** Data excerpt follows **
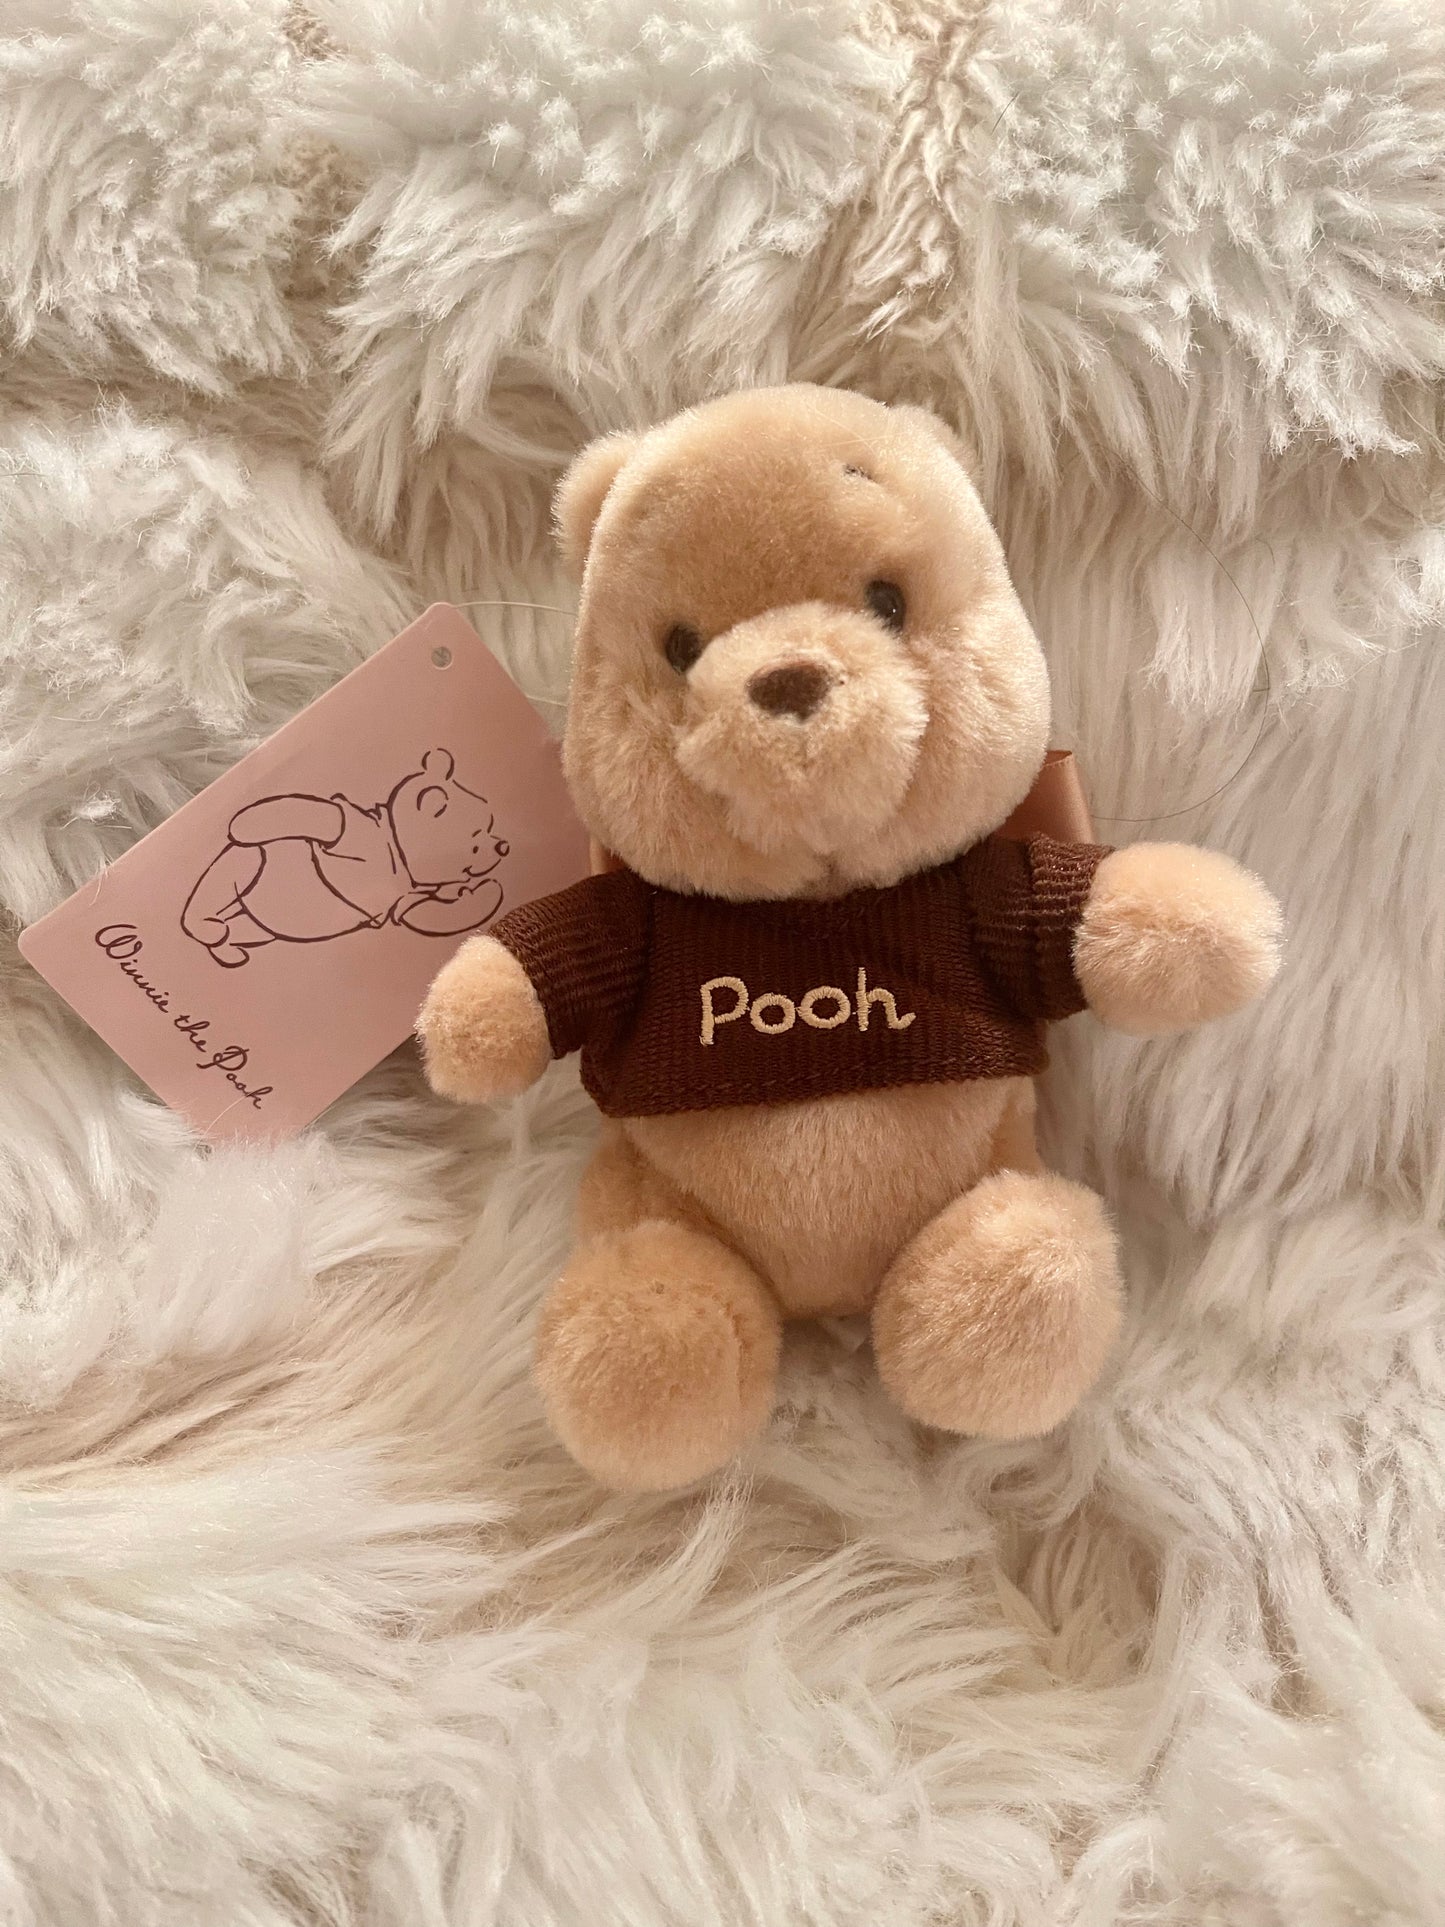 Disney store Japan Valentine’s Day Pooh keychain plush
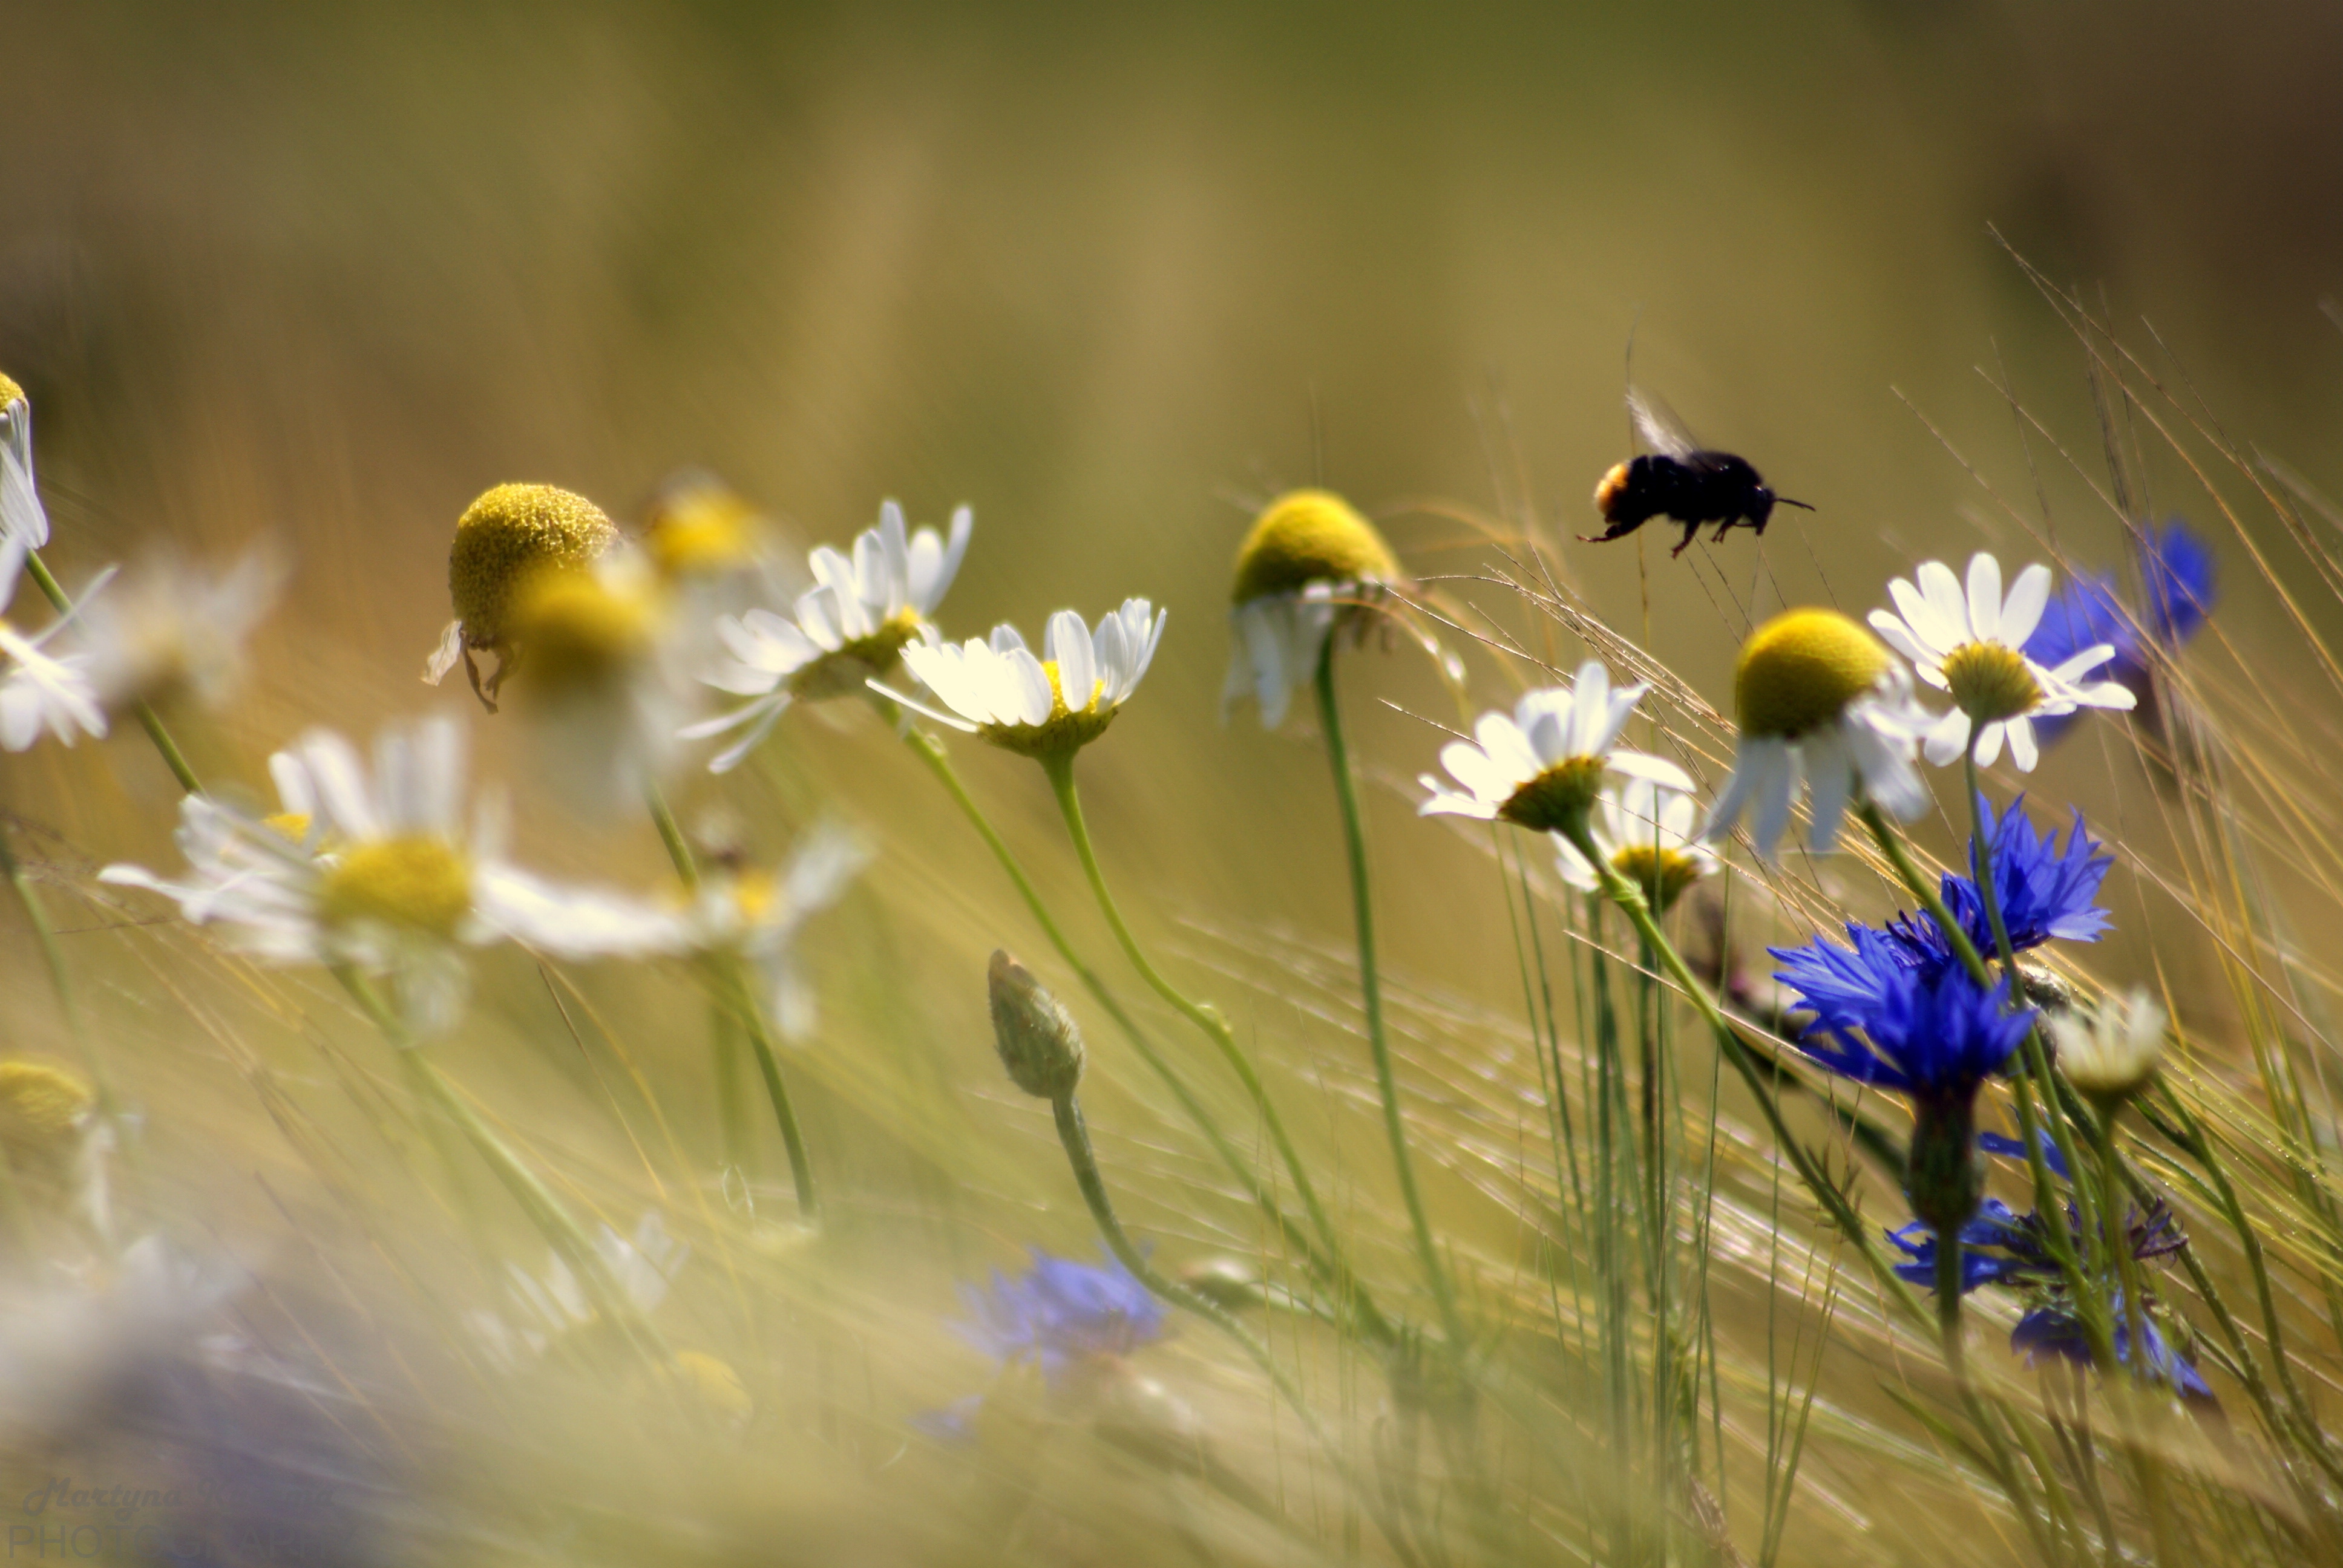 399853 descargar imagen tierra/naturaleza, margarita, abejorro, flor, insecto, naturaleza, flor blanca, flores: fondos de pantalla y protectores de pantalla gratis
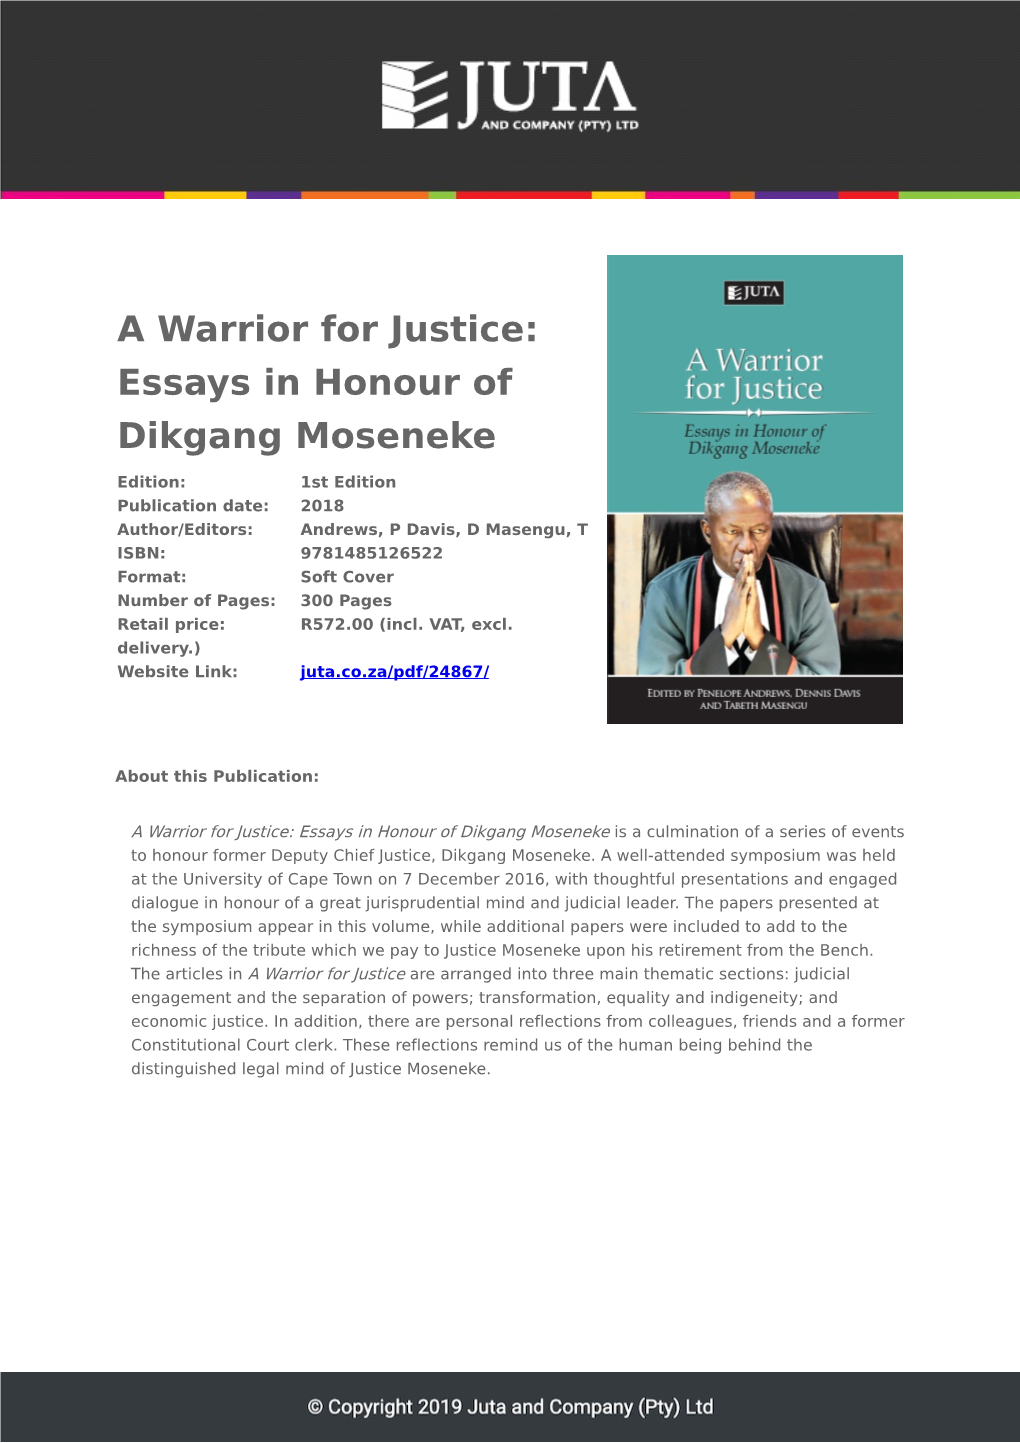 A Warrior for Justice: Essays in Honour of Dikgang Moseneke
** End of Data excerpt **
• _Work order_:
Leaving the images out, retype all the material above exactly.

• _Result_:
 Disney store Japan Valentine’s Day Pooh keychain plush
 399853 descargar imagen tierra/naturaleza, margarita, abejorro, flor, insecto, naturaleza, flor blanca, flores: fondos de pantalla y protectores de pantalla gratis
 A Warrior for Justice: Essays in Honour of Dikgang Moseneke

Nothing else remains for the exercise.